PSP is a rare disease with an estimated prevalence of 3–6/100000 (Respondek et al., 2017); However, it is worth noting that this prevalence data mainly reflected the occurrence of PSP-RS (Stamelou et al., 2019). The true prevalence of PSP is likely underestimated due to insufficient recognition of vPSP. Among the different phenotypes, PSP-RS is the most common, followed by PSP-parkinsonism (PSP-P) (Alster et al., 2020). Although Movement Disorder Society new clinical diagnostic criteria for PSP (MDS-PSP) were published in 2017, aiming to include all PSP subtypes early, clinicians still have difficulties in diagnosing the vPSP phenotype (Höglinger et al., 2017; Ali et al., 2019).

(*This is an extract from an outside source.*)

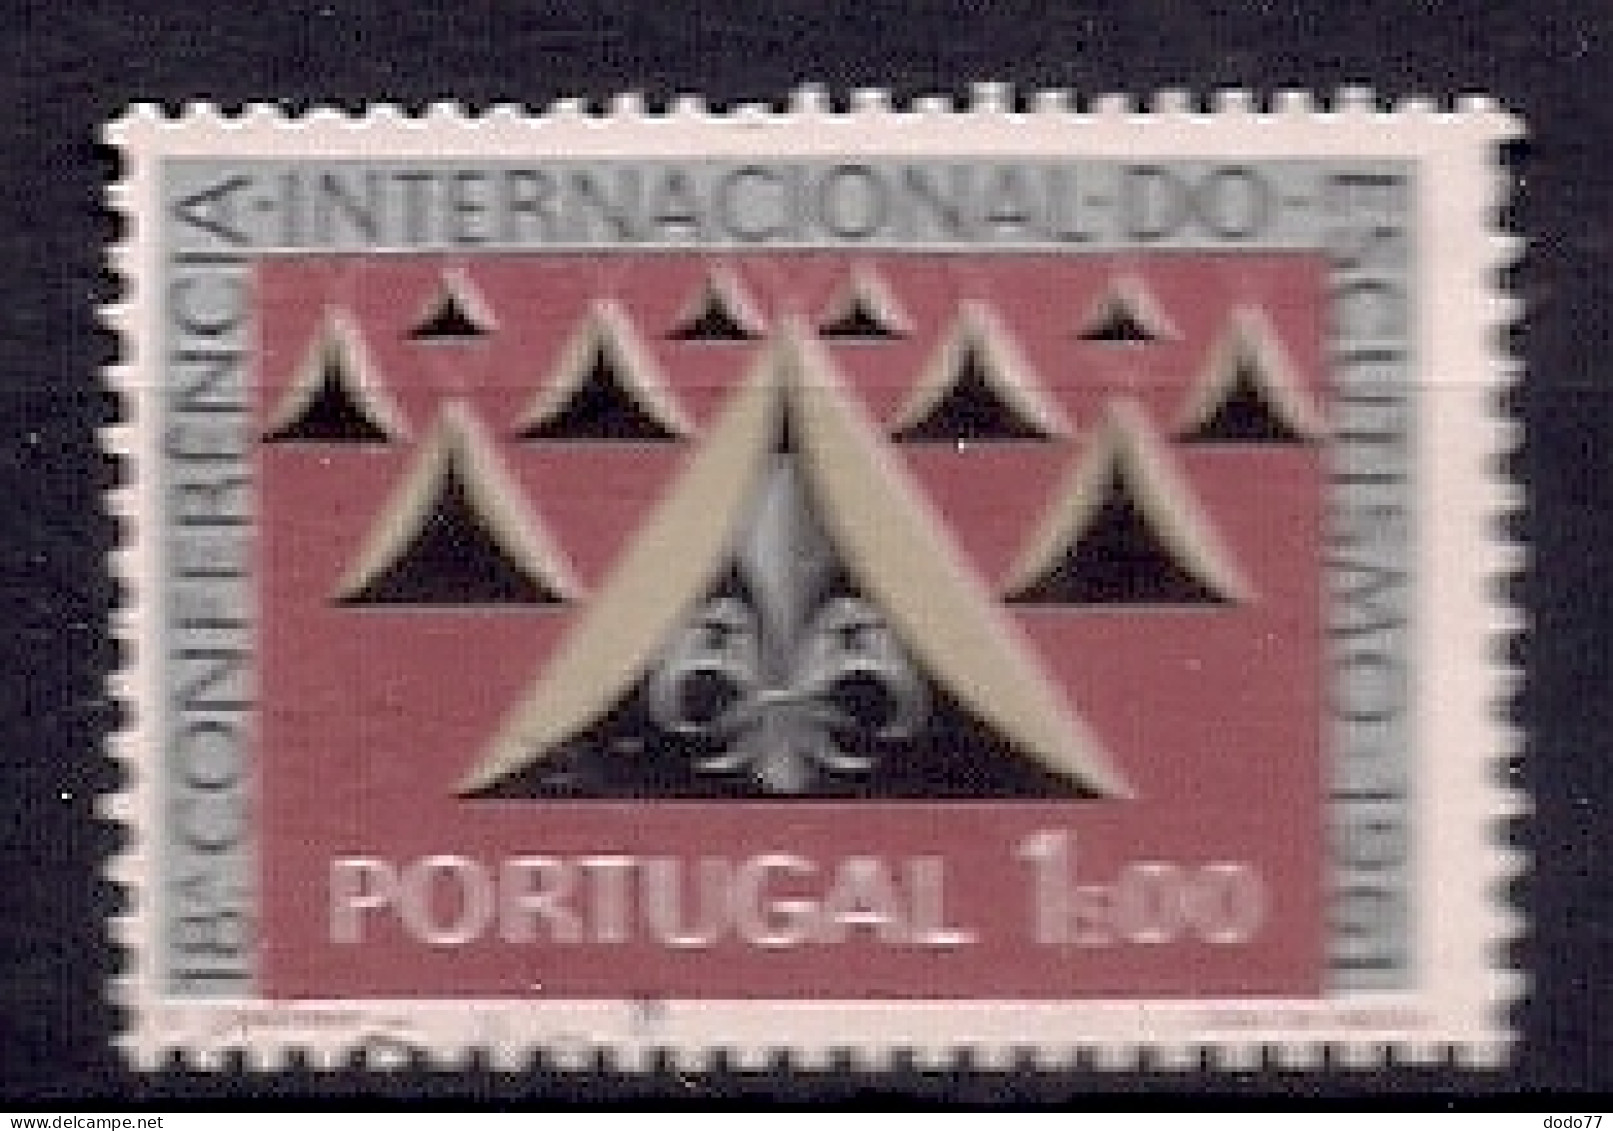 PORTUGAL   N°   900   OBLITERE - Gebraucht

There was a delay, usually 3 years, from the onset of symptoms to the diagnosis of PSP (Cui et al., 2020). That is halfway through the illness. PSP is a uniformly fatal disease without effective therapies, but treatment can be helpful. Moreover, potential disease-modifying therapies for PSP heighten the need for early, accurate clinical diagnosis (Boxer et al., 2017; Höglinger et al., 2017; Jabbari et al., 2020); therefore, early recognition and correct diagnosis of PSP is essential.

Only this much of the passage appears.